Cognitive deficits in the rat chronic mild stress model for depression: relation to anhedonic-like responses.

Journal:
Behavioural brain research
Year:
2009
Authors:
Henningsen, Kim et al.
Affiliation:
Aarhus University Hospital
Species:
rodent

Abstract

The chronic mild stress (CMS) protocol is widely used to evoke depressive-like behaviours in laboratory rats. The aim of the present study was to examine the effects of chronic stress on cognitive performance. About 70% of rats exposed to 7 weeks of chronic mild stress showed a gradual reduction in consumption of a sucrose solution, indicating an anhedonic-like state. The remaining rats did not reduce their sucrose intake, but appeared resilient to the stress-induced effects on sucrose intake.

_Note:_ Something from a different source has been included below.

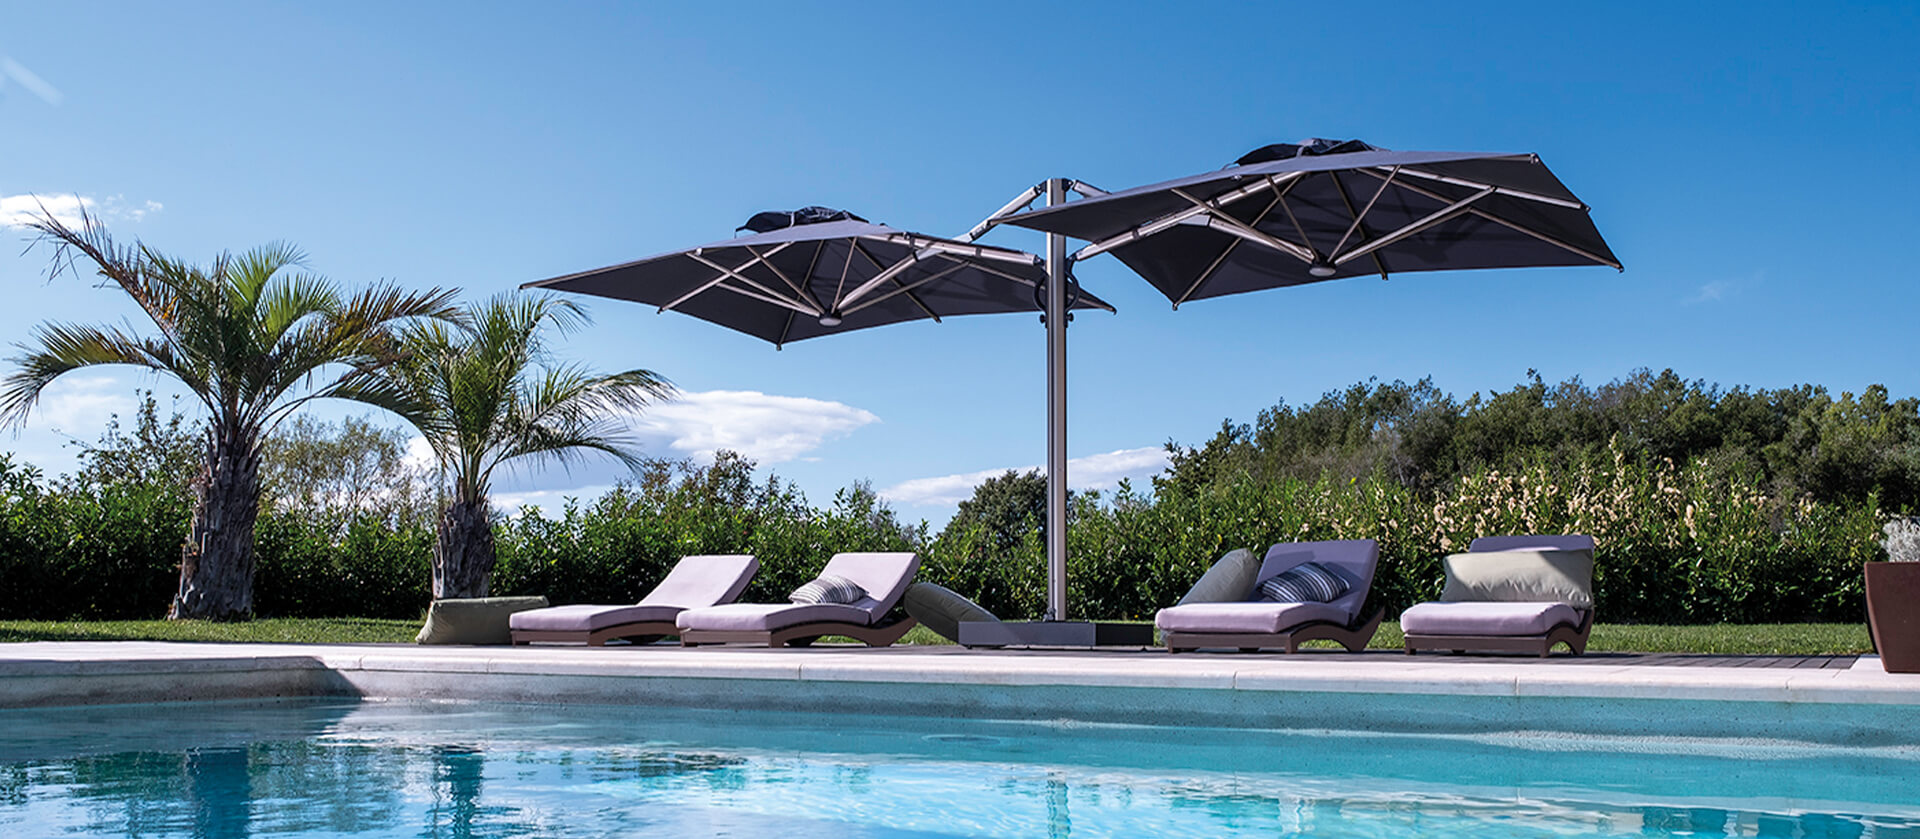 Parasols-umbrellas with innovative gas spring assisted opening system

Cognitive profiling of the CMS rats revealed that chronic stress had a negative effect on performance in the spontaneous alternation test, possibly reflecting a deficit in working memory. This effect was independent of whether the stressed rats were anhedonic-like or stress-resilient as measured by their sucrose intake. CMS did not influence performance in passive avoidance and auditory cued fear conditioning, however, in rats displaying an anhedonic-like profile, CMS increased freezing behaviour in contextual fear conditioning.